Deux ans que ça dure. Après une période de forte croissance, la bio fait désormais face à des difficultés, résultant d’une « baisse de la consommation et d’un léger effet de surproduction », analyse Philippe Leymat président d’Interbio Nouvelle-Aquitaine. Si la vente directe se maintient voire se développe (+4,9 %), le recul de la consommation en grande surface et particulièrement dans les magasins spécialisés est sans appel. -4,6 % dans les premières, -8,6 % dans les seconds.
En cause « un changement des comportements alimentaires qui est général suite à la crise sanitaire » , pointe-t-il, et « des entreprises de grandes surfaces qui ne jouent pas le jeu » en diminuant assez drastiquement l’offre bio en magasin, ajoute Marie Griffaton, élue à la chambre régionale d’agriculture Nouvelle-Aquitaine.
Conséquence de deux ans de crise, la production bio perd de son élan en Nouvelle-Aquitaine, constate Sylvie Dulong, présidente de Bio Nouvelle-Aquitaine. En effet, si la région compte 844 nouveaux producteurs bio en 2022, ils étaient 1 278 à s’engager l’année précédente. Une décélération sur l’installation qui fait face en outre à une augmentation du nombre des arrêts d’engagement : « 596 arrêts d’engagement contre 457 en 2021. Si un tiers relève de départs à la retraite ou cession, un second tiers correspond à un arrêt de la certification bio », pointe la présidente, qui note aussi que les fermes qui arrêtent la certification « sont bien souvent des fermes mixtes. Lorsque l’on est totalement engagé en bio on ne se déconvertit pas facilement. Ça démontre aussi que l’appui et le support technique est important pour rester en bio ». Le troisième tiers des arrêts sont liés à des changements administratifs ou de structure.
Technique, diversification, communication et aides publiques
Le message des responsables de la filière bio est donc clair face à le crise. Il s’agit pour les producteurs de consolider leurs exploitations, d’être résilients. « L’agriculture bio c’est beaucoup plus de coûts et de risques que le conventionnel, il faut donc renforcer l’aspect technique mais aussi être accompagner financièrement pour passer ces caps difficiles », argumente Marie Griffaton. « Parmi les leviers de développement, il y a aussi la question de la diversification de ces productions afin de pouvoir multiplier les canaux de distribution. Mais il est certain que les pouvoirs publics ont un énorme rôle à jouer pour soutenir l’offre et la demande », acquiesce également Sylvie Dulong.
Des travaux sont aussi à mener (ou à poursuivre) autour des consommateurs, « ils ne sont pas assez informés de ce à quoi la bio peut contribuer en terme d’enjeux environnementaux et sur leur propre santé », estime Sylvie Dulong.
« On ne peut pas laisser la réponse de la crise aux seuls agriculeurs bio », synthétise Philippe Leymat, qui cite en exemple la commande publique. « Il doit y avoir une exemplarité en la matière, or trop de cuisines publiques sont en dessous des objectifs Egalim. Il y a pourtant des exemples qui nous montre que c’est possible, à coûts constants », à l’image du SIVU Bordeaux-Mérignac qui confectionne plus de 23 000 repas par jour, avec 46% de produits bio et des fruits et légumes de saison .
Mois de la Bio du 3 au 30 novembre 2023
Si la filière du bio veille à faire entendre sa voix pour reconquérir un certain nombre d’enveloppes nationales et européennes visant au maintien de l’agriculture biologique, les choses se jouent donc aussi dans les fermes, en optimisant les techniques et en diversifiant les productions.
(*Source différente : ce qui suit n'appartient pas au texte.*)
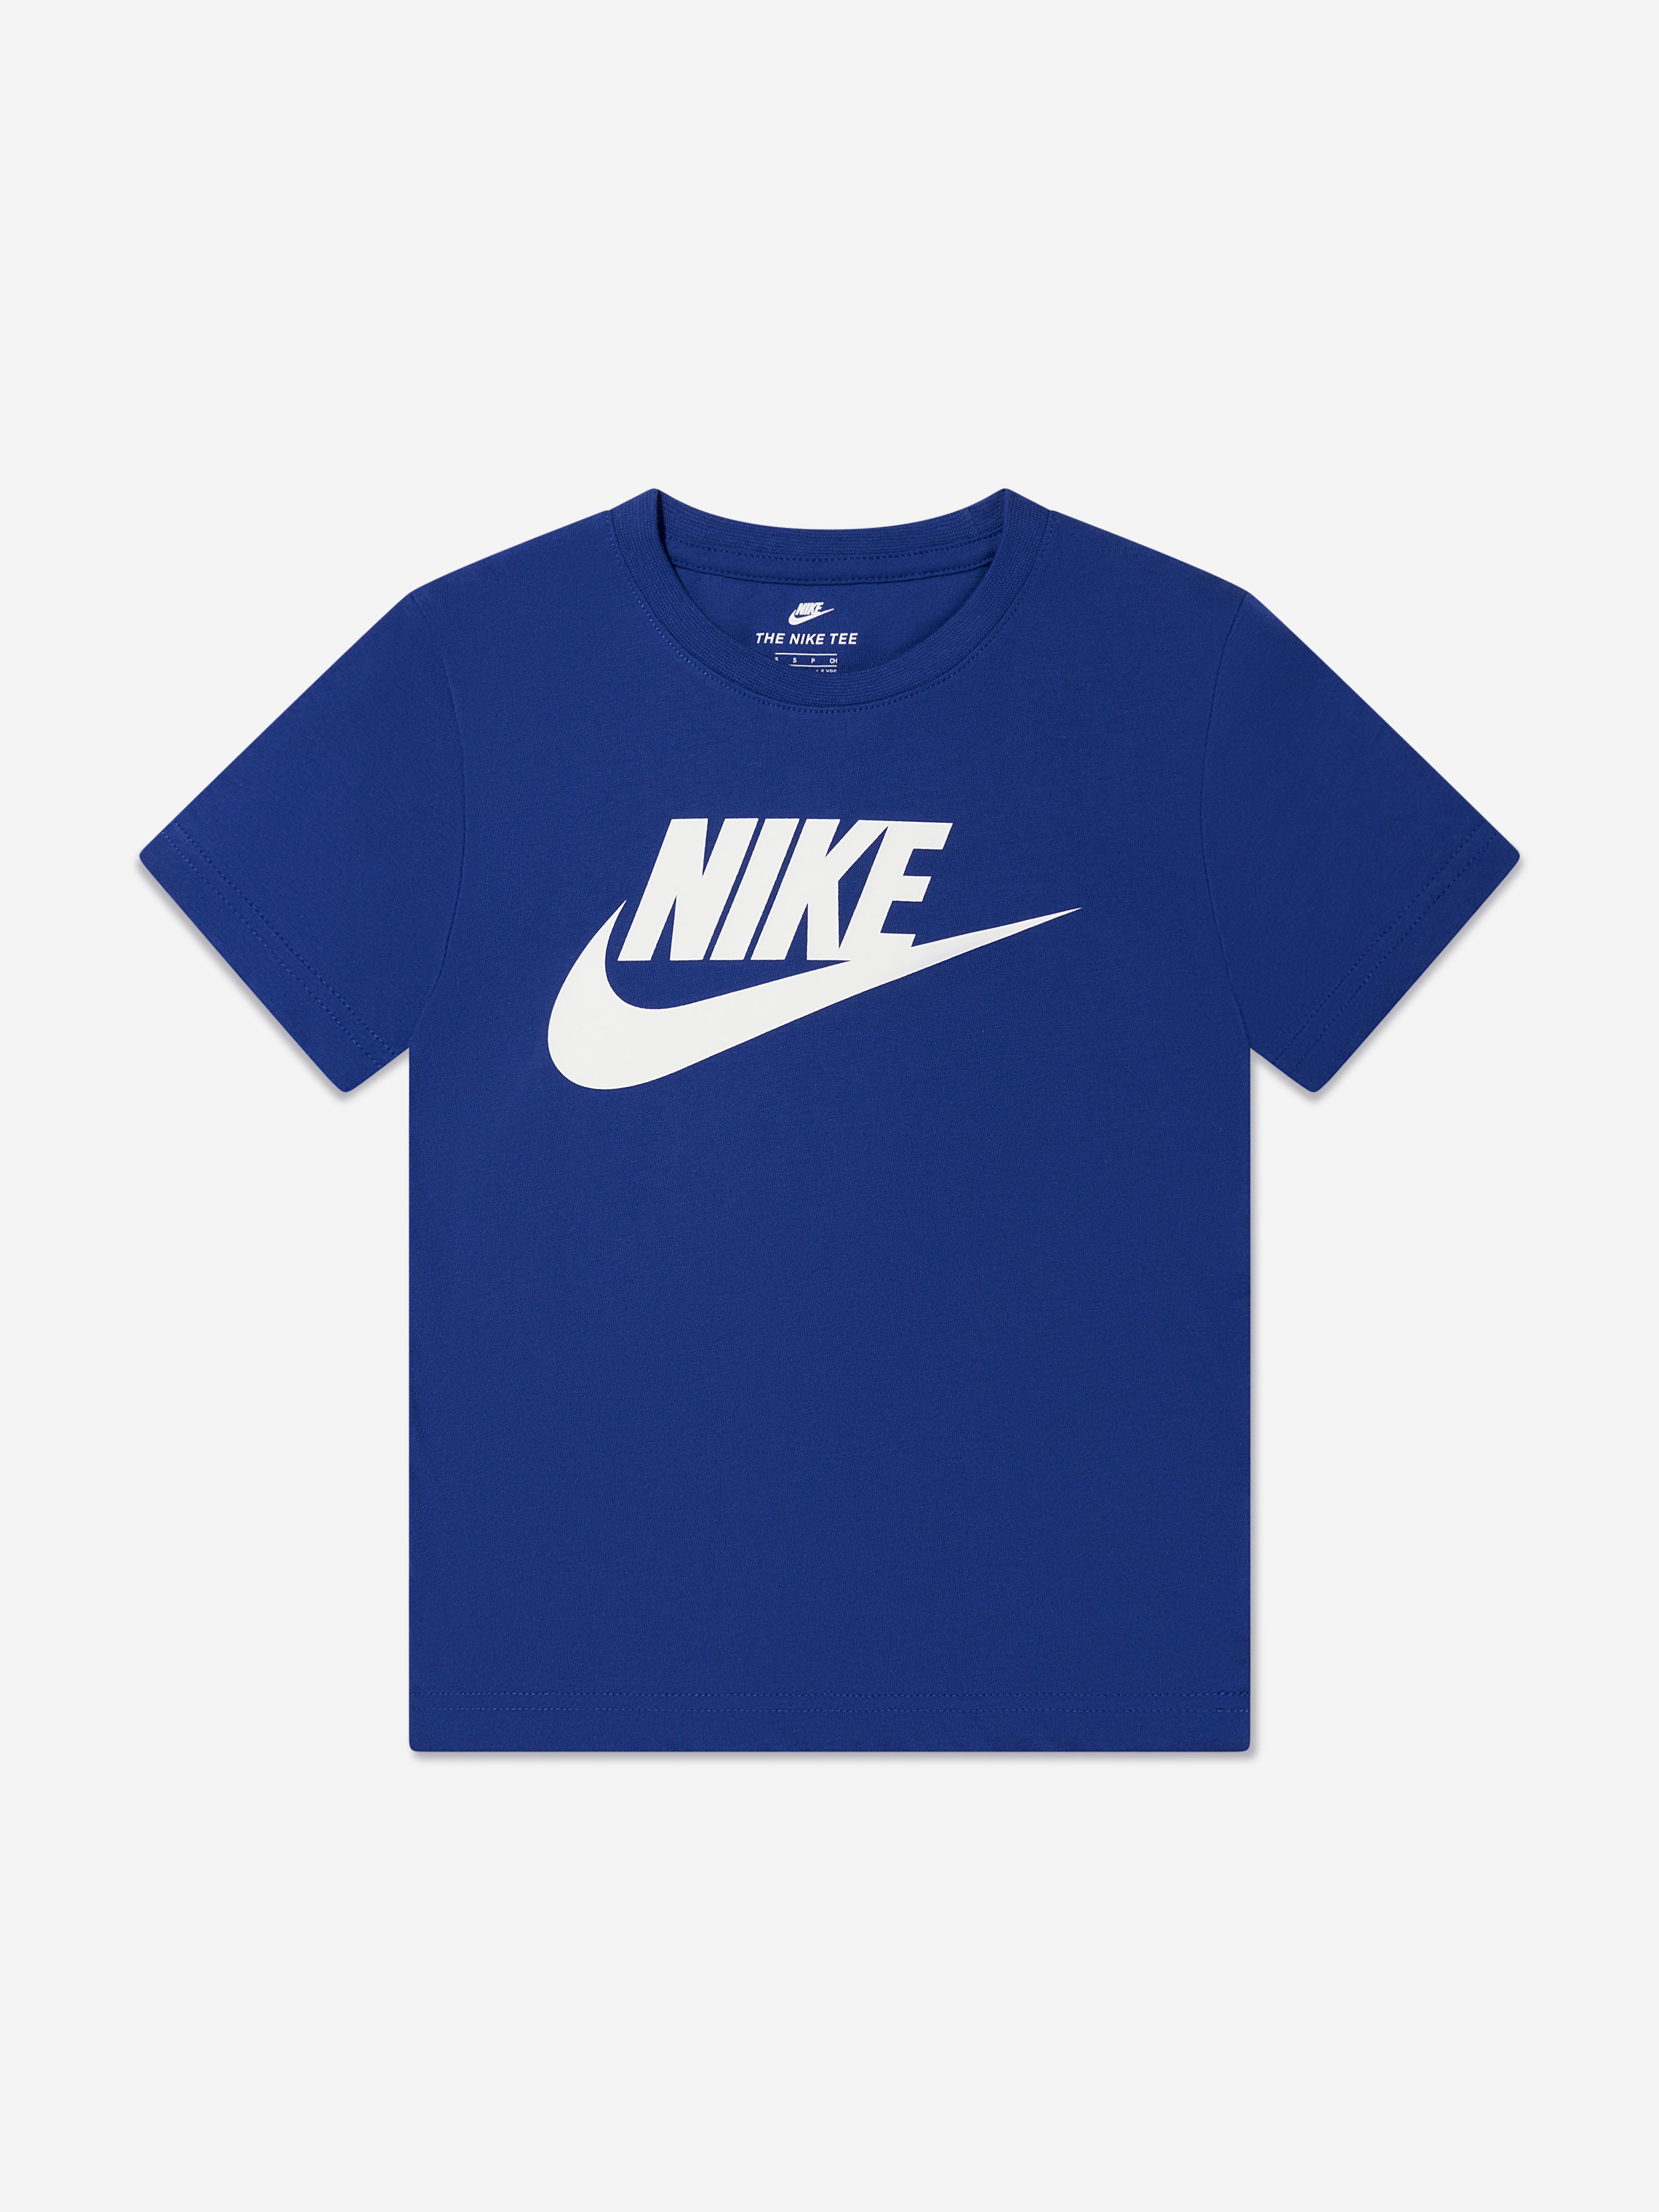 Nike Boys Cotton Jersey | T-Shirt Childsplay Clothing Logo
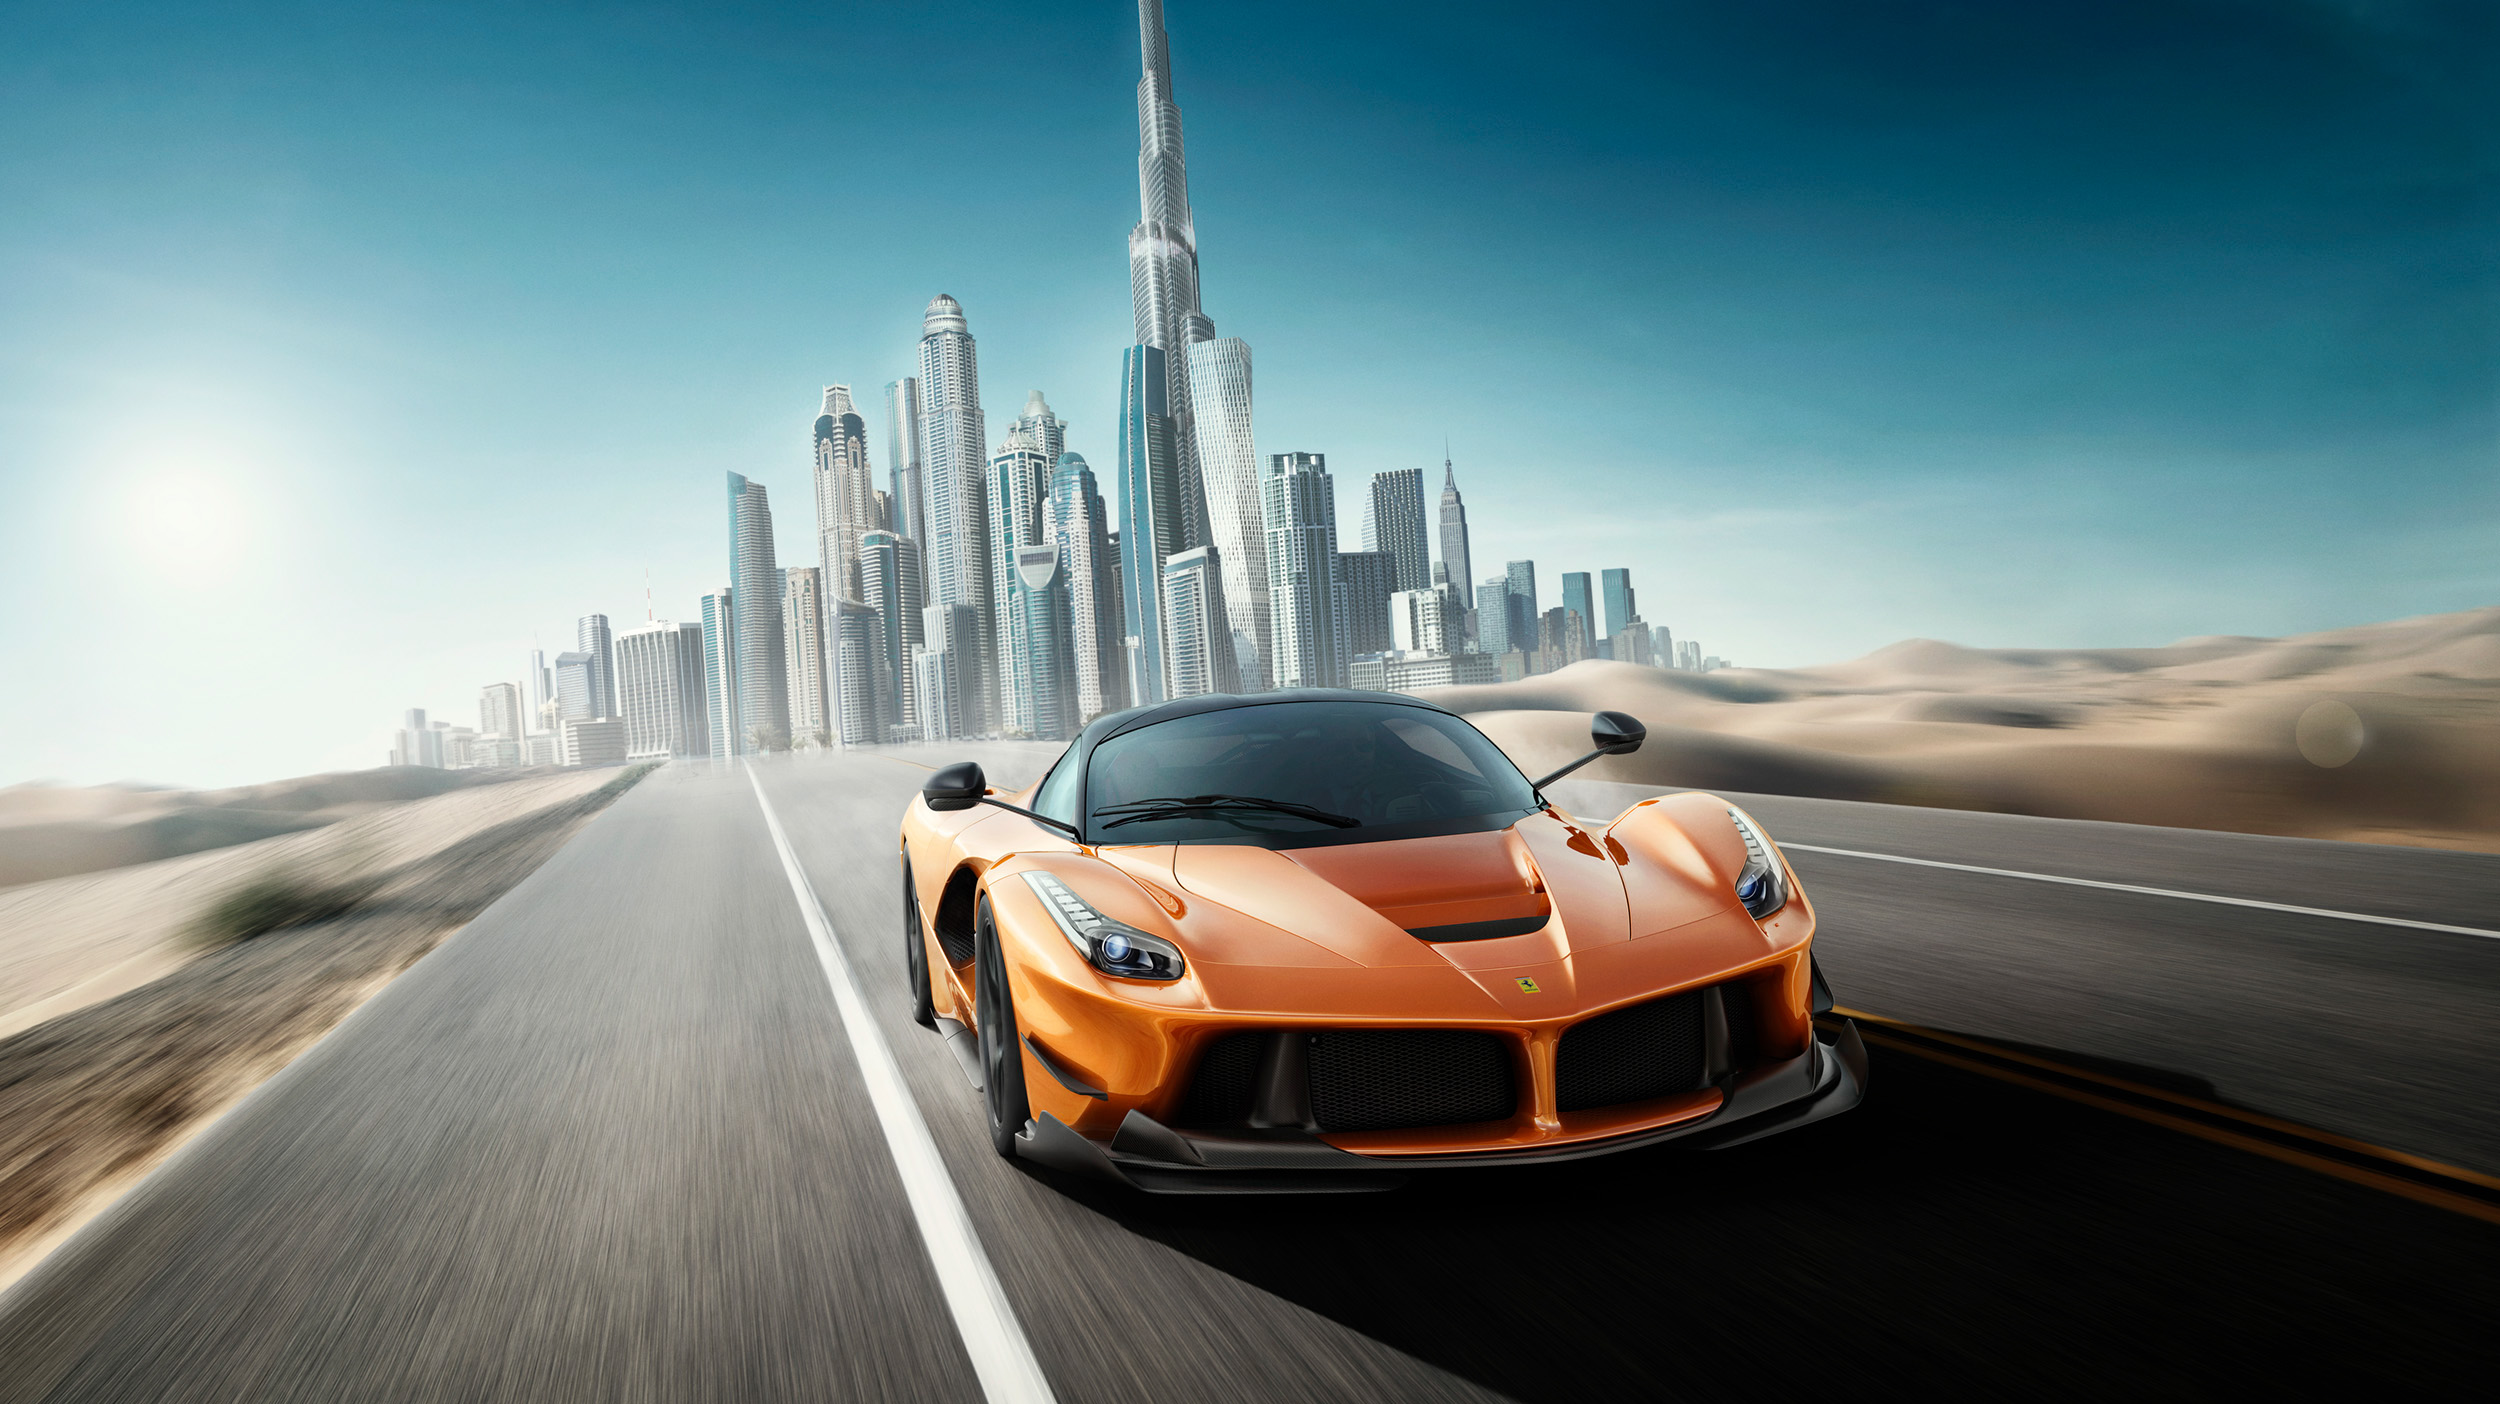 Ferrari In Dubai, HD Cars, 4k Wallpaper, Image, Background, Photo and Picture

Deux axes de travail qui sont particulièrement mis en avant lors de cette édition 2023 du Mois de la Bio. Au total, une cinquantaine de rendez-vous est prévue dans la région. Visites de fermes et d’entreprises, conférences ou formations mettront en lumière des techniques et innovations, des débouchés, des filières émergentes mais aussi des échanges autour des enjeux liés aux coûts de production et des résultats économiques.
Les étudiants en lycées agricoles ne sont pas oubliés de cette programmation, avec un grand nombre de journées qui leur sont dédiées afin d’informer au mieux ces futurs agriculteurs sur les opportunités de l’agriculture bio.